Cette étude constitue une contribution majeure à l’histoire des conflits et de leurs prolongements. En refusant toute vision téléologique de la paix, les contributeurs invitent à penser la guerre comme un phénomène dont les effets débordent largement le champ militaire et dont la sortie demeure toujours partielle et contestée. Par son ambition chronologique et conceptuelle, le livre s’impose comme une référence tout en offrant des outils de réflexion précieux pour comprendre les conflits contemporains.

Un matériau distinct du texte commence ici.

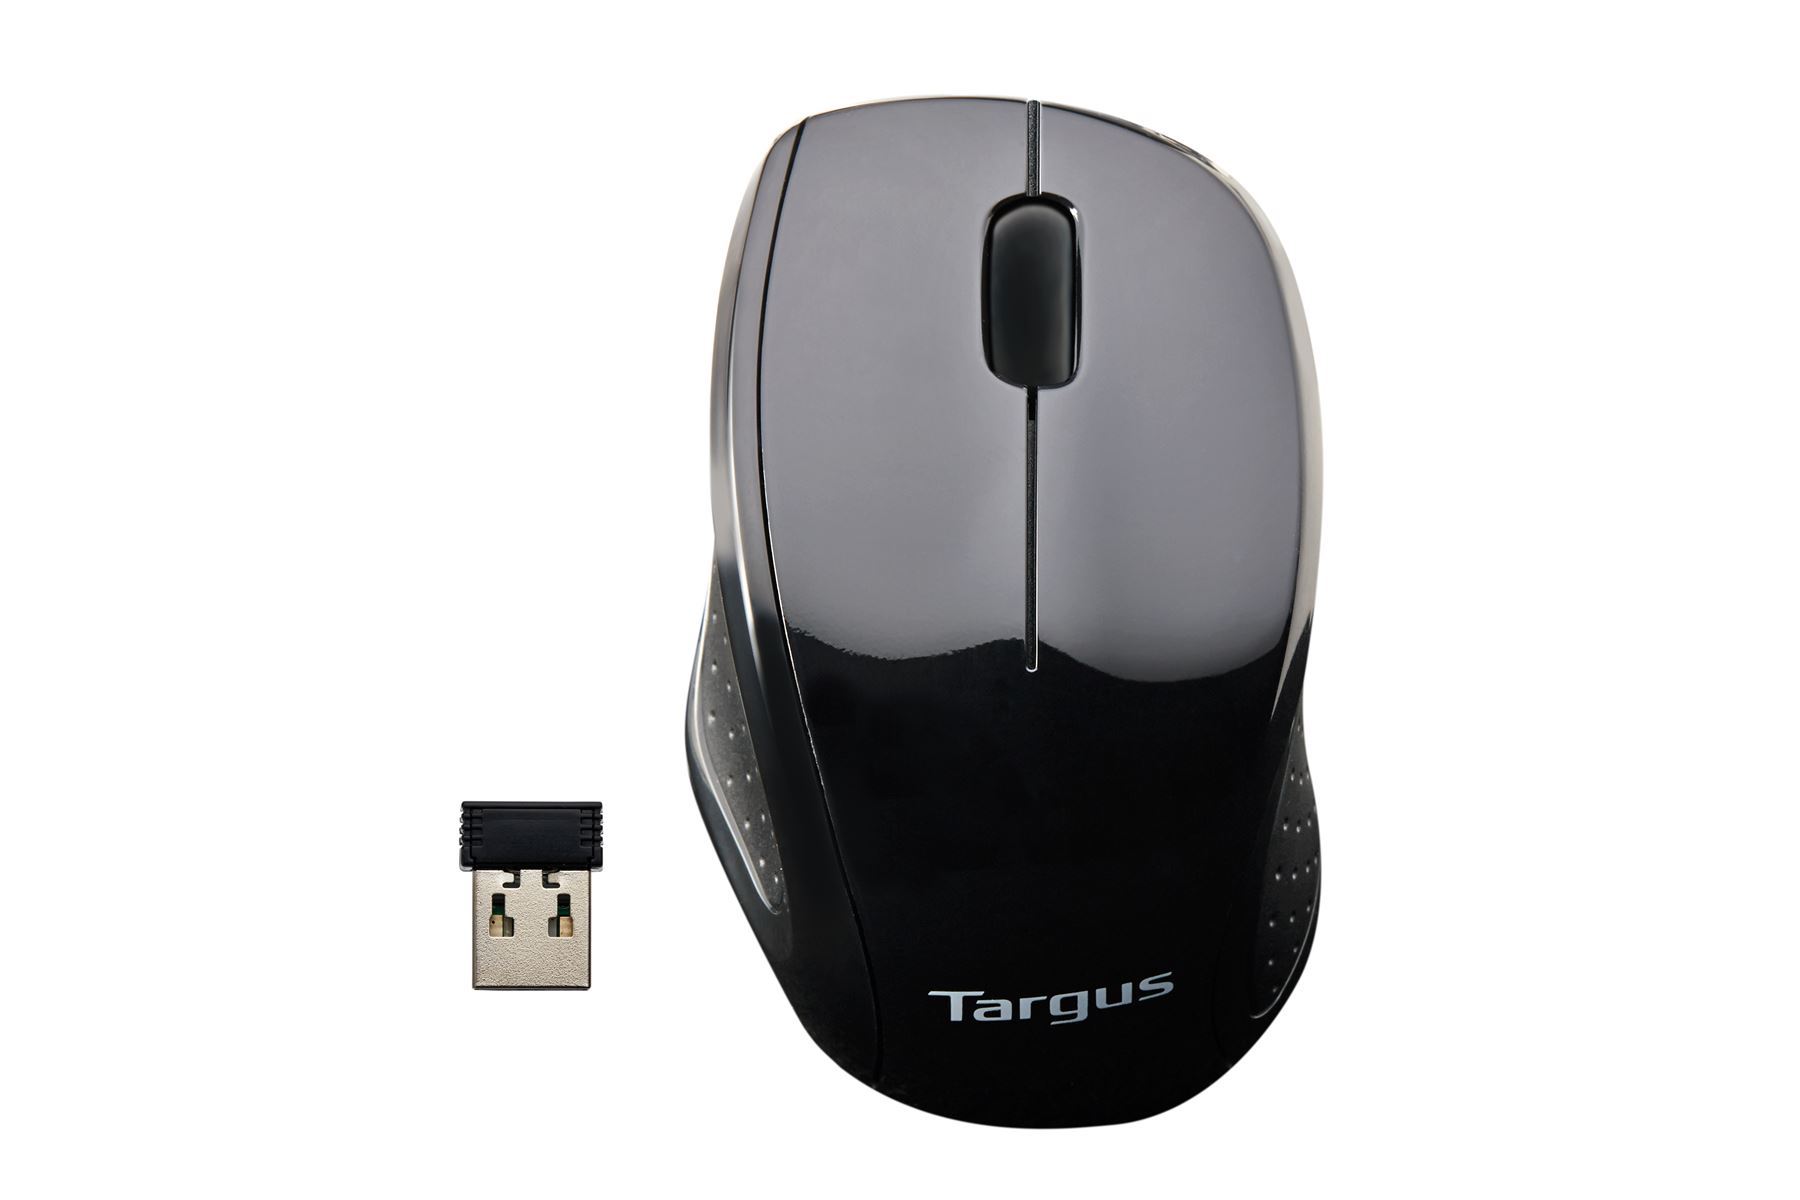 Targus wireless mouse instructions

L’étude propose une analyse transversale sur un temps long croisant plusieurs thématiques pluridimensionnelles

Guillaume Piketty pose un cadre conceptuel solide : la sortie de guerre n’est ni un moment précis, ni un simple traité, mais un processus long, conflictuel et souvent inachevé. Il insiste sur la porosité entre guerre et paix, sur la persistance des violences et sur les temporalités disjointes (politique, sociale, mémorielle). Malgré la densité du sujet, le style reste précis, fluide, et accessible à un large public. Les analyses générales et les exemples concrets en rendant la lecture vivante sans sacrifier la rigueur. Le processus est complexe, et est marqué par des tensions sociales, des violences, des conflits mémoriels et des continuités institutionnelles. Le livre « Sortir de la guerre » est un ouvrage qui permet au lecteur de comprendre que la paix n’est jamais un simple retour à l’ordre, mais une construction fragile, traversée de mémoires antagonistes et de blessures durables. La conclusion est aussi solide que l’introduction. Elle synthétise efficacement l’idée centrale de l’ouvrage : on ne sort jamais totalement de la guerre.

 

La paix est un processus instable, conflictuel et profondément politique. C’est un processus fragile, marqué par des héritages de violence et des conflits mémoriels durables. L’idée que la conceptualisation forte de la « sortie de guerre » est perçue catégorie d’analyse historique. Ainsi, ce livre contribue pleinement à lire et comprendre l’histoire des mémoires. La paix n’est pas un état, mais une construction fragile. Il appartient aux Hommes de notre temps de faire en sorte que le Droit international et la justice soient les leviers normés et habituels de nos pratiques communes. Si la paix est fragile, il faut d’autant plus la protéger, et la garder comme le bien le plus précieux.